Mon cri pour la relève
- Éric Mateu-Huon

- 24 mars
- 4 min de lecture
Dernière mise à jour : 25 mars
Ce matin, un collègue enseignant m’a lancé avec un humour un peu grinçant :
« Toi, tu es vendu à l’IA. Tu fais des conférences là-dessus. Tu ne vas pas mordre la main qui te nourrit… »
Je n’ai pas retenu cette phrase pour sa dureté.
Je l’ai retenue parce qu’elle dit quelque chose de notre époque : dès qu’on essaie de penser l’intelligence artificielle avec nuance, la suspicion n’est jamais loin.
Or le vrai sujet est ailleurs.
Je n’écris pas ce texte pour suivre l’époque.

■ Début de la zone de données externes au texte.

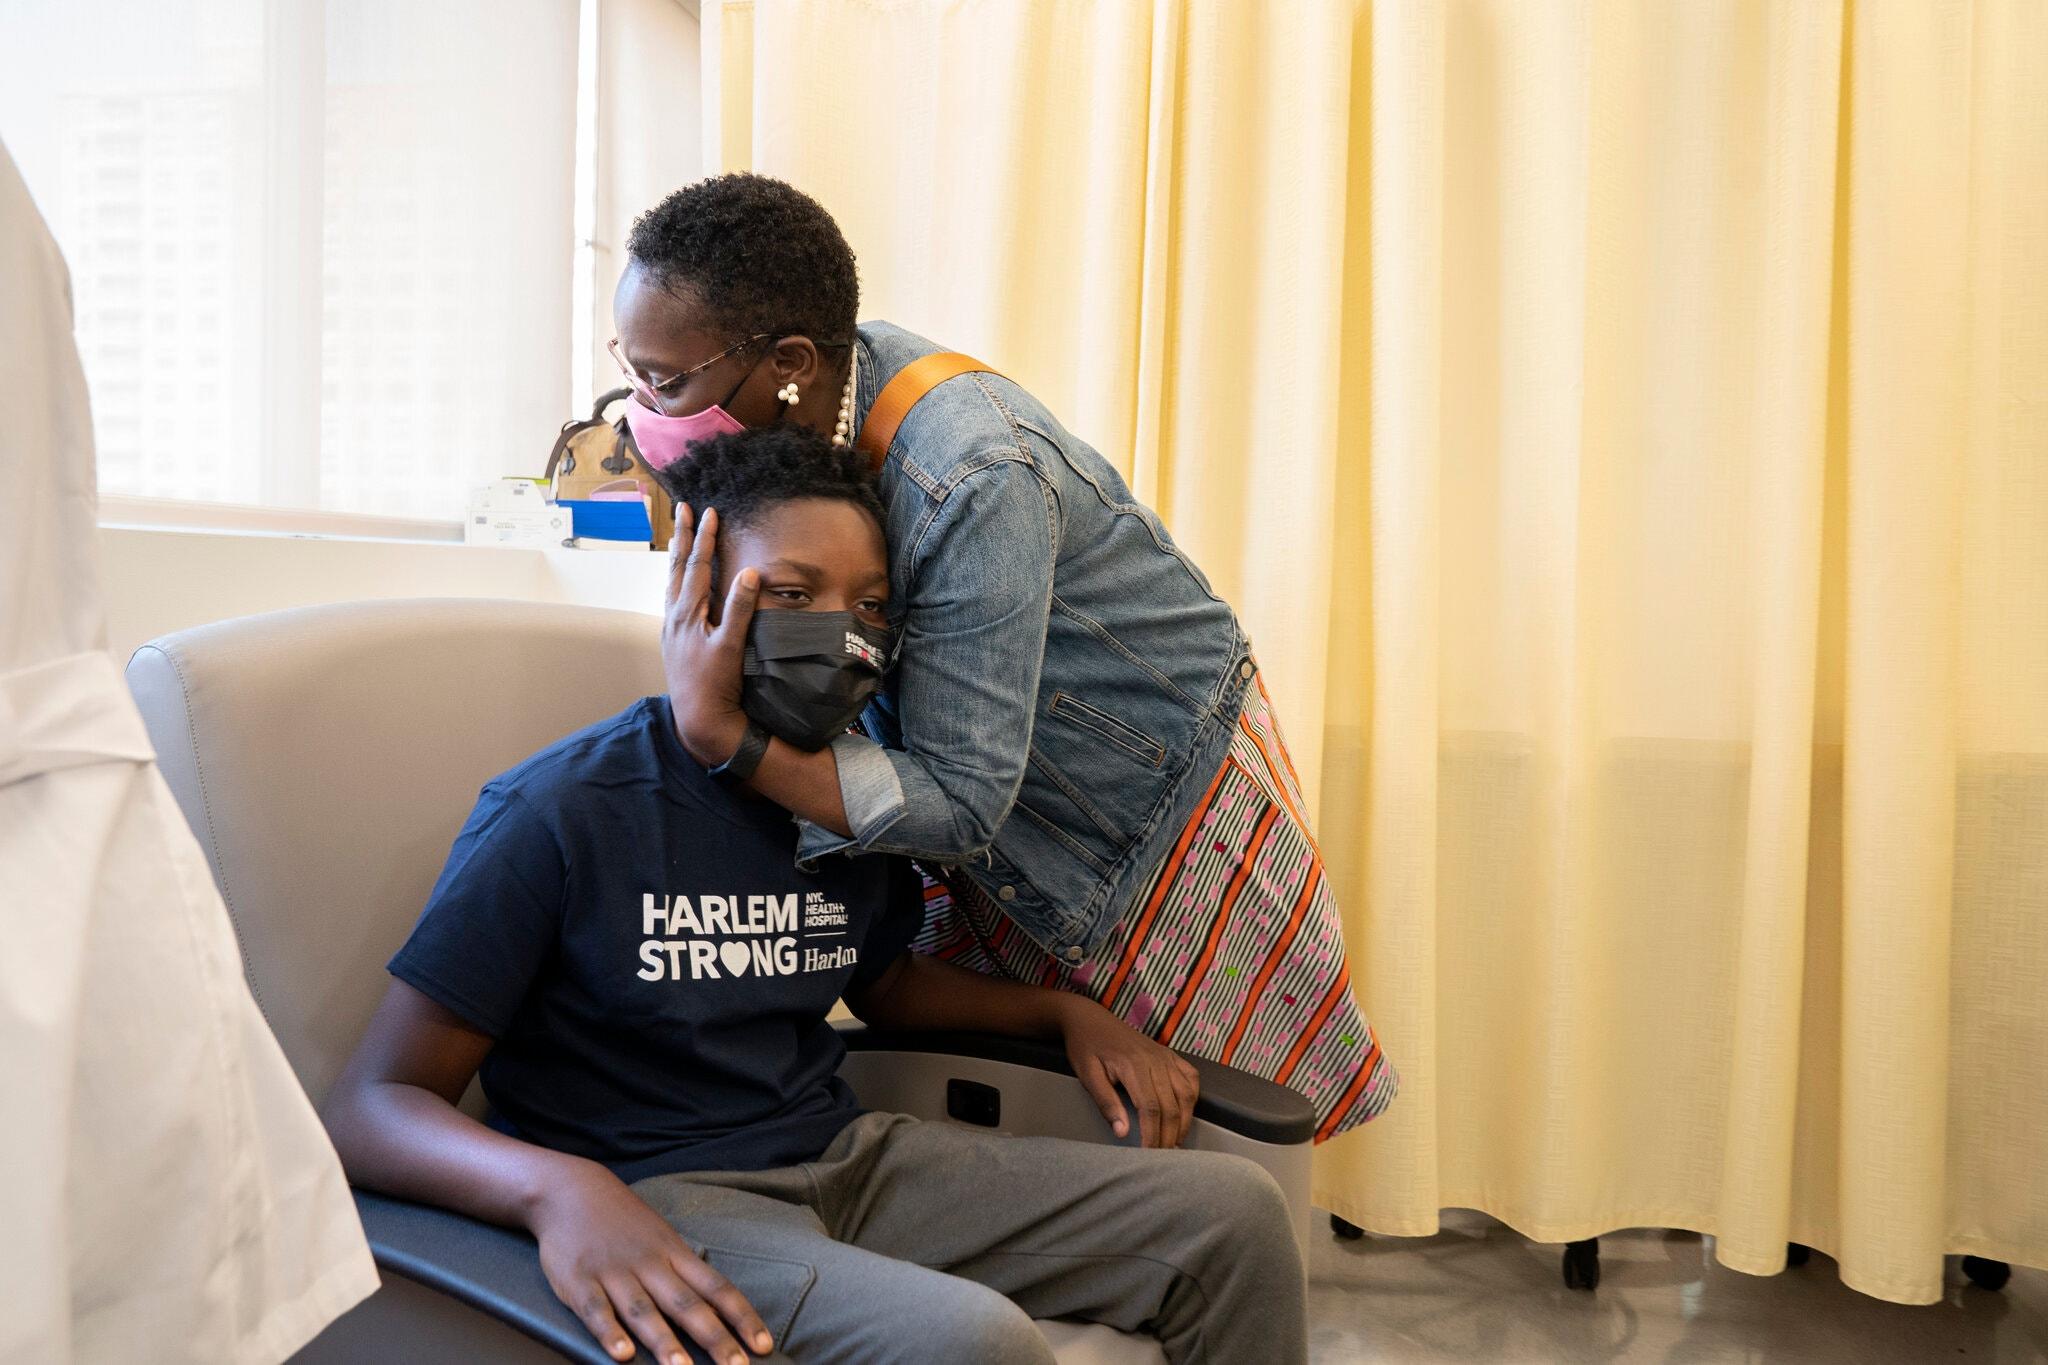 Julian Boyce, 14 tuổi, và mẹ là Satrina Boyce tại Trung tâm Bệnh viện Harlem, Manhattan sau khi hoàn thành mũi vaccine đầu tiên, ngày 13/4. Ảnh: NY Times
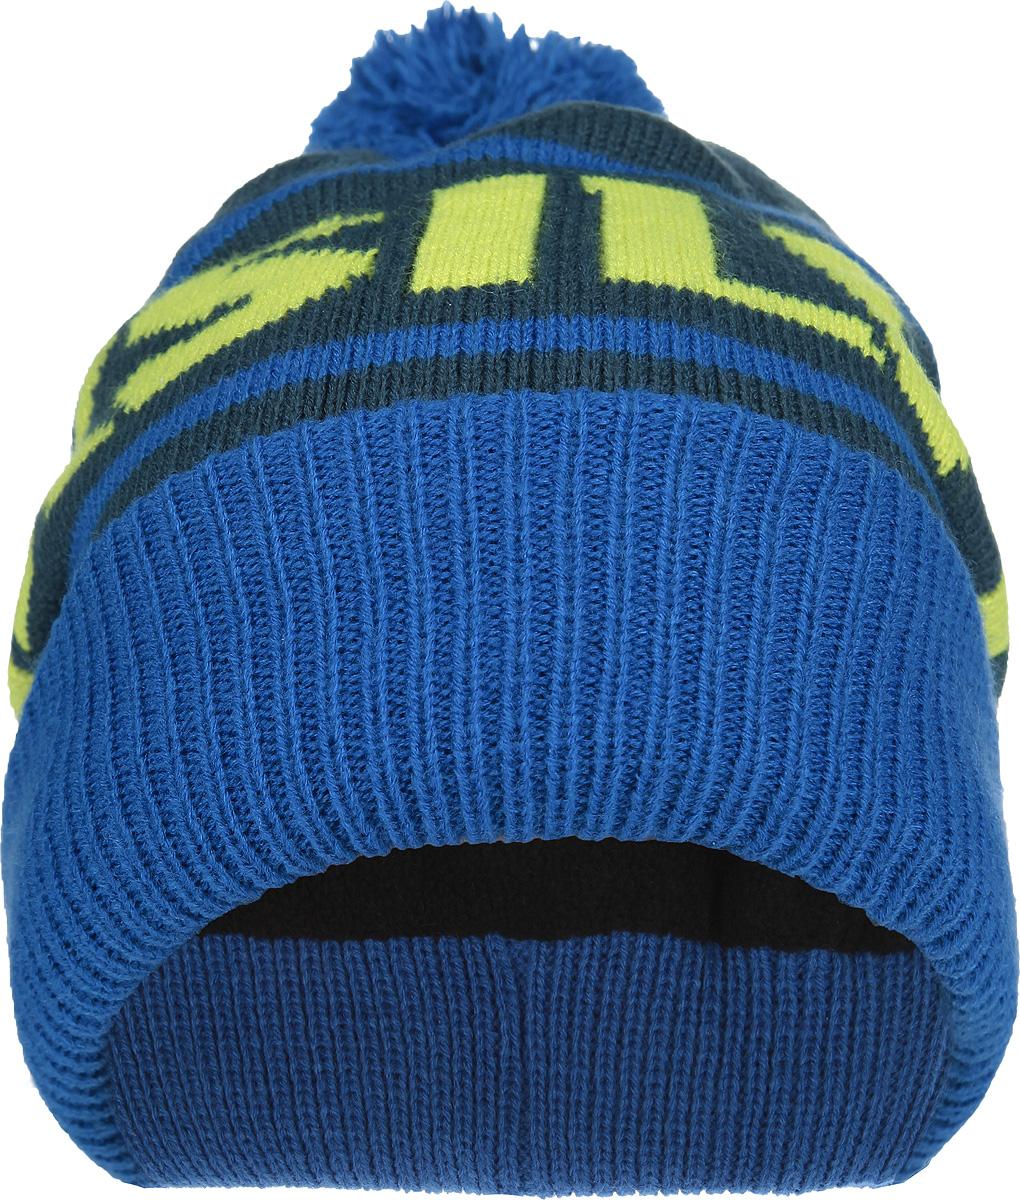 Шапка мужская Summit BeanieEQYHA03001-NZG0Стильная мужская шапка Quiksilver Summit Beanie дополнит ваш наряд и не позволит вам замерзнуть в холодное время года. Шапка-бини мелкой вязки выполнена из высококачественной акриловой пряжи, что позволяет ей великолепно сохранять тепло и обеспечивает высокую эластичность и удобство посадки. Подкладка выполнена из мягкого и приятного на ощупь флиса. Шапка с отворотом украшена пушистым помпоном и оформлена контрастной надписью Quicksilver. Такая шапка станет модным и стильным дополнением вашего зимнего гардероба, великолепно подойдет для активного отдыха и занятия спортом. Она согреет вас и позволит подчеркнуть свою индивидуальность!

Je l’écris parce qu’il y a des moments où le silence ressemble à une démission.
Nous vivons l’un de ces moments.
Partout, l’intelligence artificielle fascine. Elle promet d’aller plus vite, de répondre plus vite, de produire plus vite. Elle impressionne, elle séduit, elle simplifie. Mais au milieu de cette accélération, une question plus grave me poursuit : que reste-t-il d’une société lorsqu’elle transmet de moins en moins ce qui permet de devenir humainement solide ?
C’est cette question qui me tient.
Quand on relit Le Livre des métiers d’Étienne Boileau, rédigé à Paris il y a près de huit siècles, on comprend une chose essentielle : un métier n’a jamais tenu seulement à ses outils. Il tenait par un apprentissage, par une exigence, par une discipline du regard, par un passage de relais. Quelqu’un apprenait à un autre non seulement à faire, mais à voir. Non seulement à répéter, mais à discerner.
Au fond, une civilisation tient ainsi.
Elle tient parce qu’elle transmet plus qu’une efficacité. Elle transmet une manière d’habiter le monde. C’est cela que je refuse de voir s’effriter.
Ce qui m’inquiète aujourd’hui, ce n’est pas la technique, ce n'est pas l'outil. L’humanité a toujours avancé avec des inventions nouvelles. Ce qui m’inquiète, c’est notre possible oubli de l’essentiel.
À force de valoriser ce qui répond, nous pourrions finir par négliger ce qui forme. À force d’admirer ce qui assiste, nous pourrions cesser d’exiger ce qui élève. À force de vouloir gagner du temps, nous pourrions perdre ce qui, justement, demande du temps : la maturité, le discernement, la construction intérieure.
Car il y a des choses qu’aucune époque ne devrait sous-traiter.
Apprendre à juger.
Apprendre à douter.
Apprendre à reconnaître une limite.
Apprendre à soutenir un effort.
Apprendre à ne pas confondre aisance et profondeur.
Apprendre à demeurer libre devant ce qui impressionne.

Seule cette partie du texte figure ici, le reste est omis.